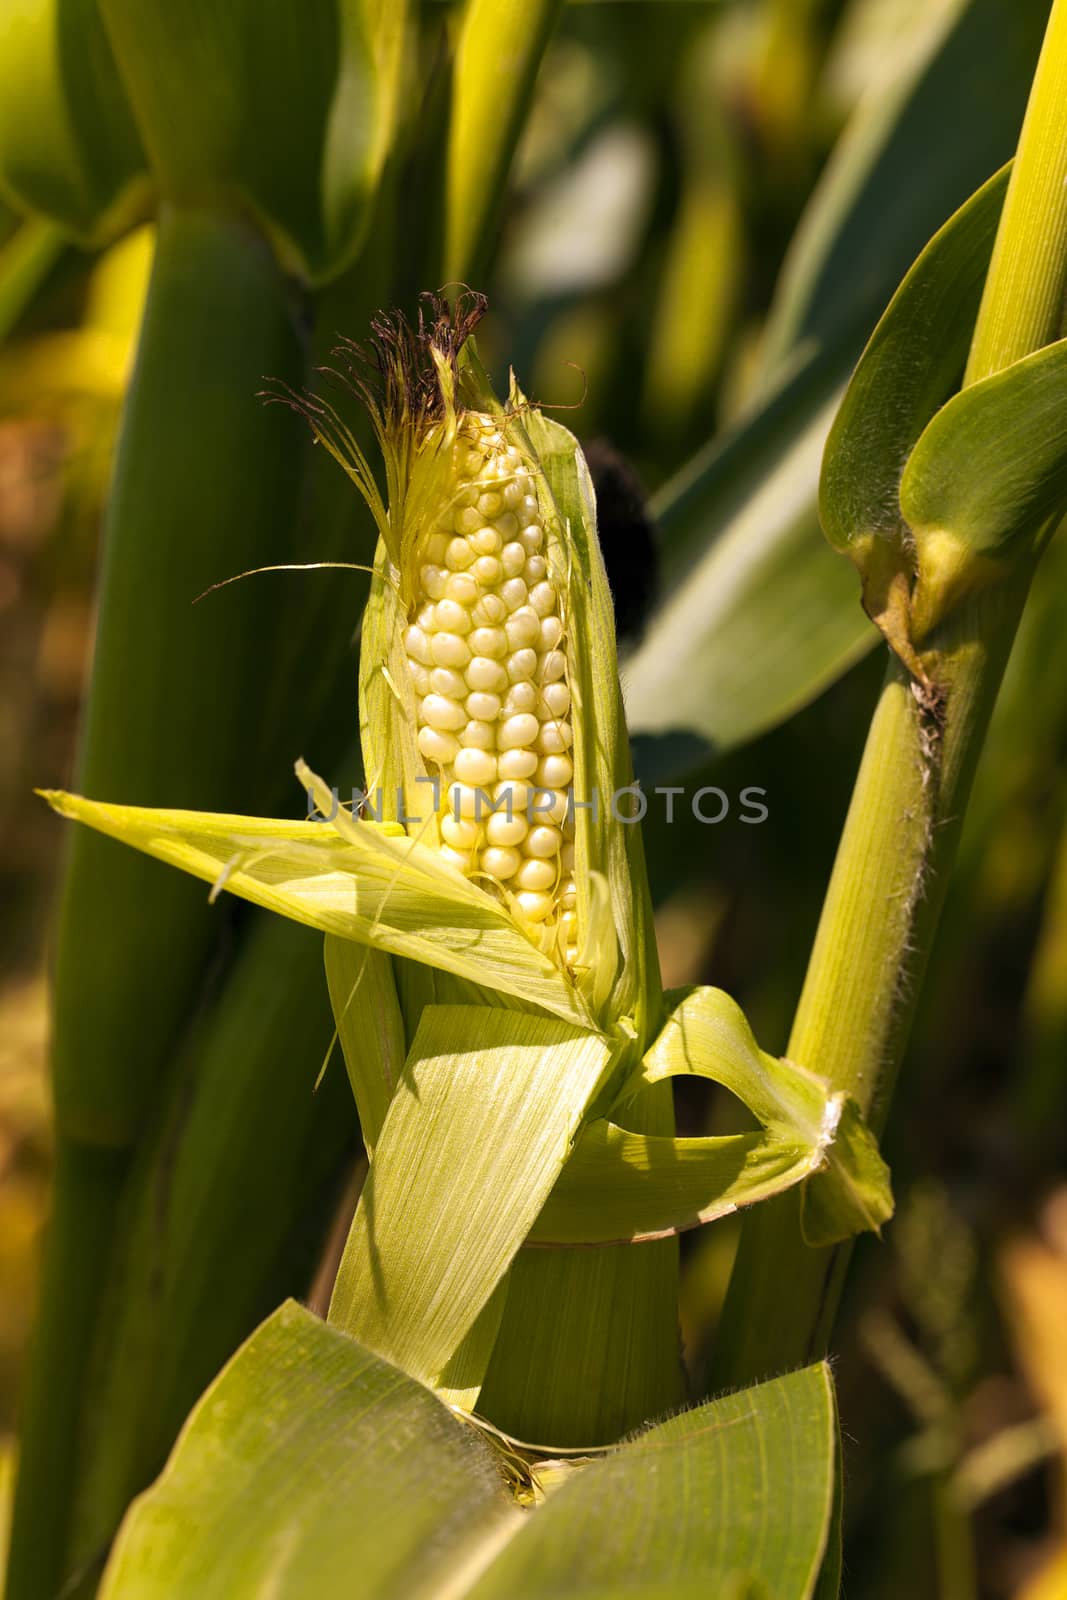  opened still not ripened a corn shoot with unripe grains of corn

* * *

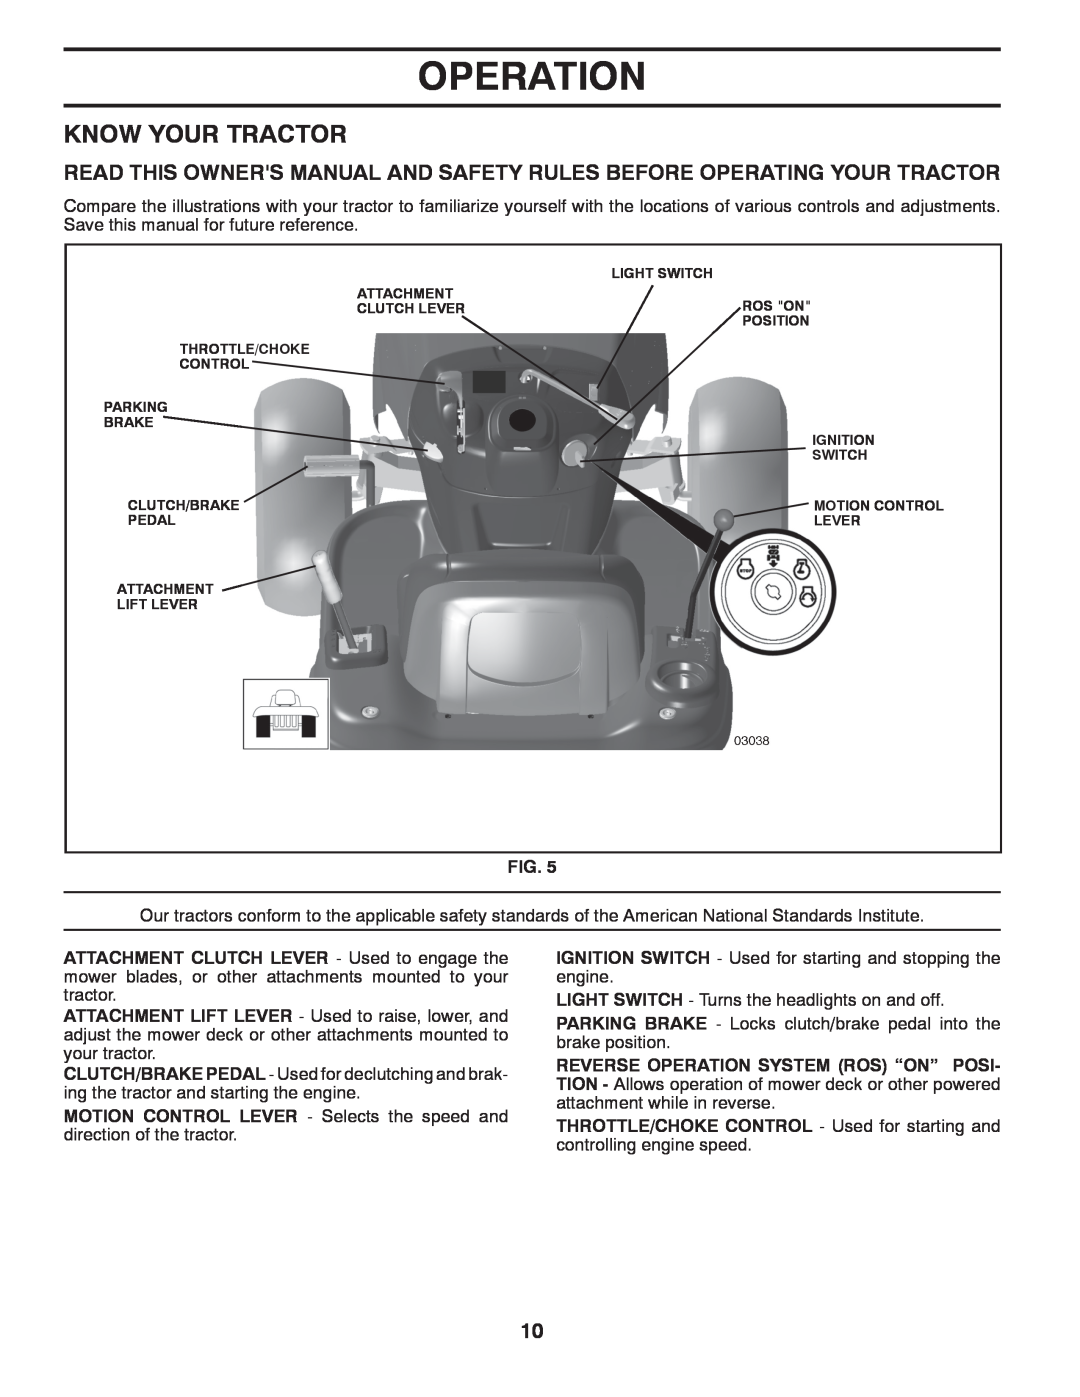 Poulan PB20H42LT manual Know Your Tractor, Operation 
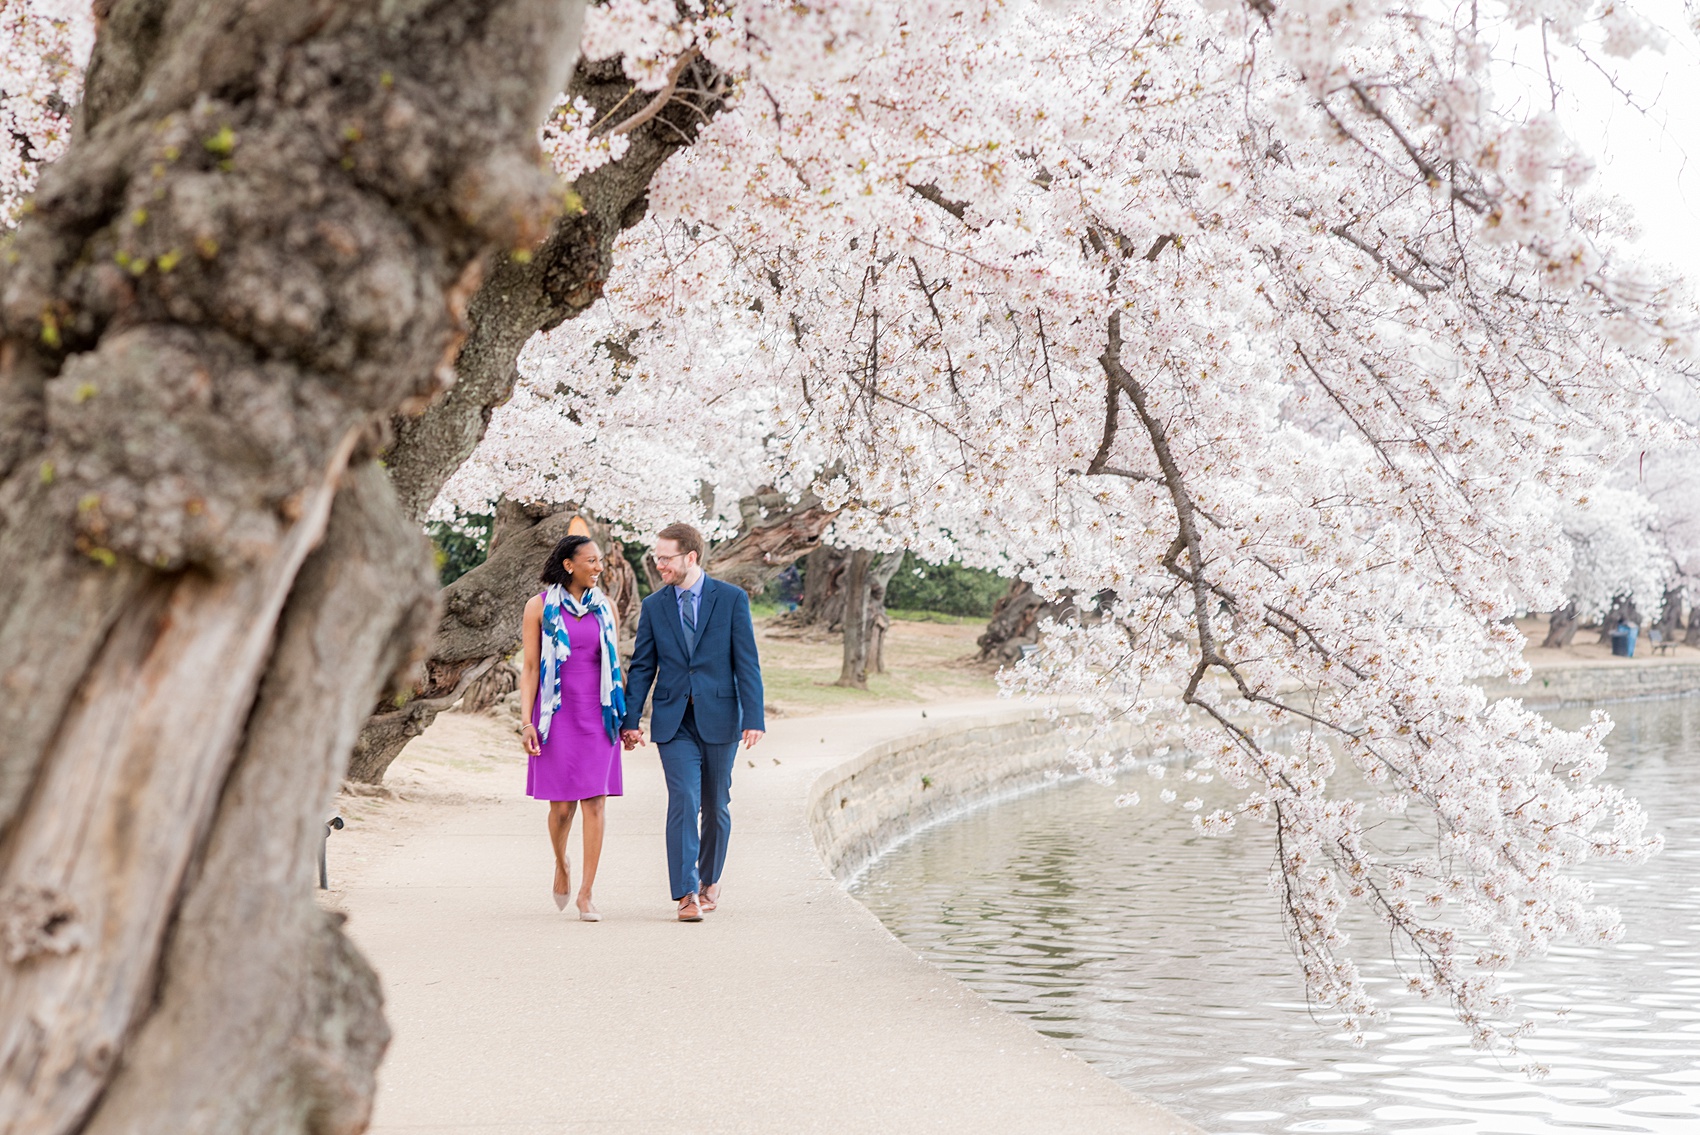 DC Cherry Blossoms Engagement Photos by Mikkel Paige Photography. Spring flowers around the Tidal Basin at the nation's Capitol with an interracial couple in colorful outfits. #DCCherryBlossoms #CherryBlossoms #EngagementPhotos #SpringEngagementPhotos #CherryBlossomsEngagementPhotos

PROBLEM DETAILS:
Return only the part above that opens with the line containing "Poulan PB20H42LT manual" and closes with the line containing "DC Cherry Blossoms", exactly and with both ends, skipping the pictures.

TASK RESPONSE:
 Poulan PB20H42LT manual Know Your Tractor, Operation 
 DC Cherry Blossoms Engagement Photos by Mikkel Paige Photography. Spring flowers around the Tidal Basin at the nation's Capitol with an interracial couple in colorful outfits. #DCCherryBlossoms #CherryBlossoms #EngagementPhotos #SpringEngagementPhotos #CherryBlossomsEngagementPhotos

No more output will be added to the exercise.